I am trying to do an implematation of trilateration. Funtion gets three 3d cordiantes and distances from base stations for every cordinate. It must return postion of the point in 3d space trilateration.
def trilateration(P1, P2, P3, r1, r2, r3):
p1 = np.array([0, 0, 0])
p2 = np.array([P2[0] - P1[0], P2[1] - P1[1], P2[2] - P1[2]])
p3 = np.array([P3[0] - P1[0], P3[1] - P1[1], P3[2] - P1[2]])
v1 = p2 - p1
v2 = p3 - p1
Xn = (v1)/np.linalg.norm(v1)
tmp = np.cross(v1, v2)
Zn = (tmp)/np.linalg.norm(tmp)
Yn = np.cross(Xn, Zn)
i = np.dot(Xn, v2)
d = np.dot(Xn, v1)
j = np.dot(Yn, v2)
X = ((r1**2)-(r2**2)+(d**2))/(2*d)
Y = (((r1**2)-(r3**2)+(i**2)+(j**2))/(2*j))-((i/j)*(X))
Z1 = np.sqrt(r1**2-X**2-Y**2)
Z2 = np.sqrt(r1**2-X**2-Y**2)*(-1)
K1 = P1 + X*Xn + Y * Yn + Z1 * Zn
K2 = p1 + X * Xn + Y * Yn - Z2 * Zn
return K1
I have a test example. With those cordinates and distances P1=(2,2,0), P2=(3,3,0), P3=(1,4,0) r1=1, r2=1, r3=1.4142, it shoudl return P=(2,3,0).
But it is returnig [3.33253331 1.66746669 1.33373281]
The problem comes from the expression given to sqrt that is slightly negative due to numerical imprecision. This will fix it:
Z1 = np.sqrt(max(0, r1**2-X**2-Y**2))
Z2 = -Z1
Changing these lines give me the correct result: [1.99999361 3.00000639 0.]
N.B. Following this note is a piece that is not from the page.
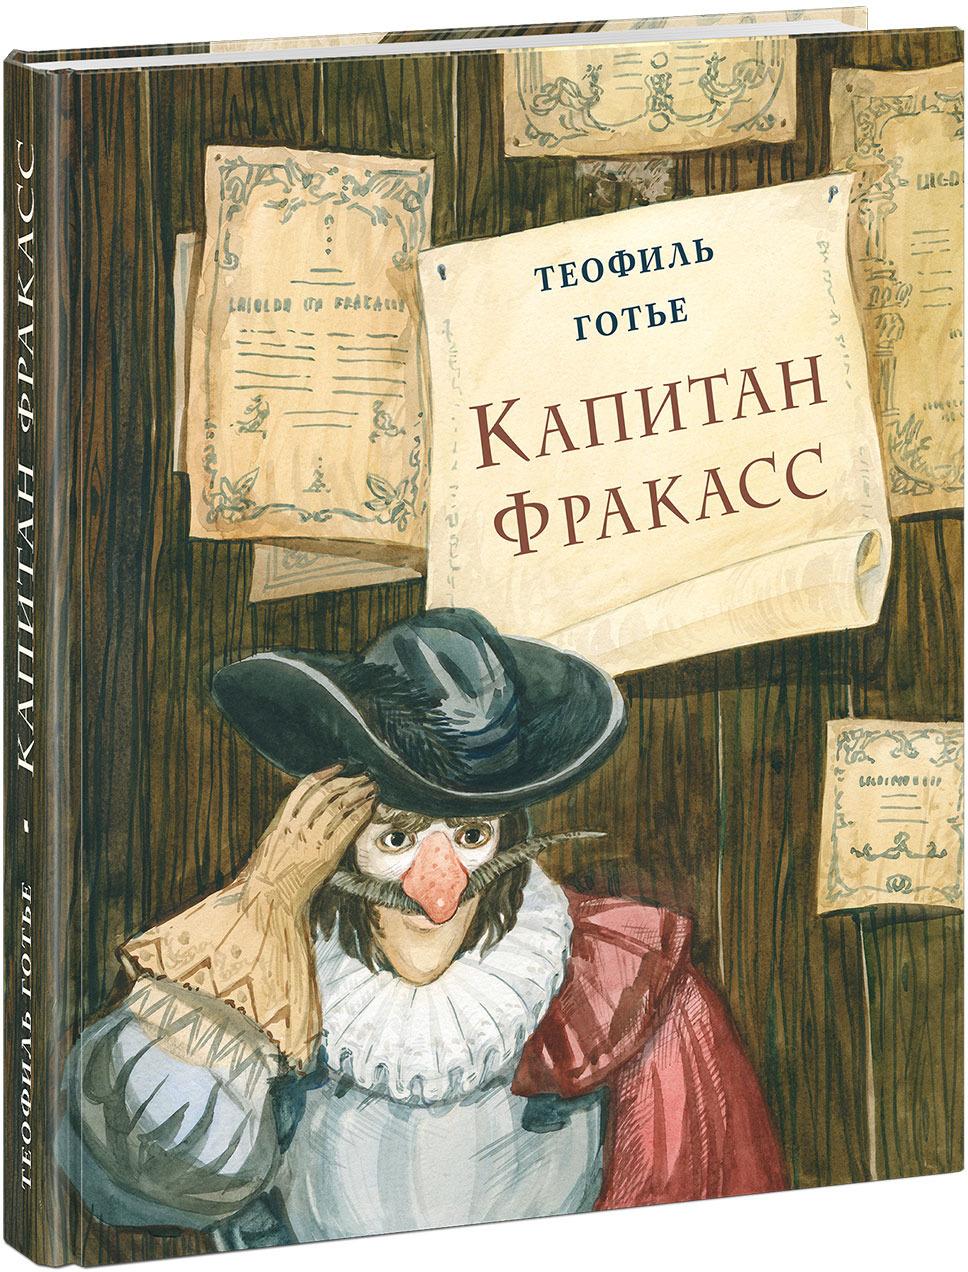 Теофиль Готье Капитан Фракасс

Note: If the point lies on the same plane as the other 3 points, the Z value will be 0, otherwise there are two solutions. Also, providing precise values for r1, r2, and r3 is very important, as mentioned by @meowgoesthedog. However, even with precise values, you always need to be careful about floating point imprecisions and safely use sqrt.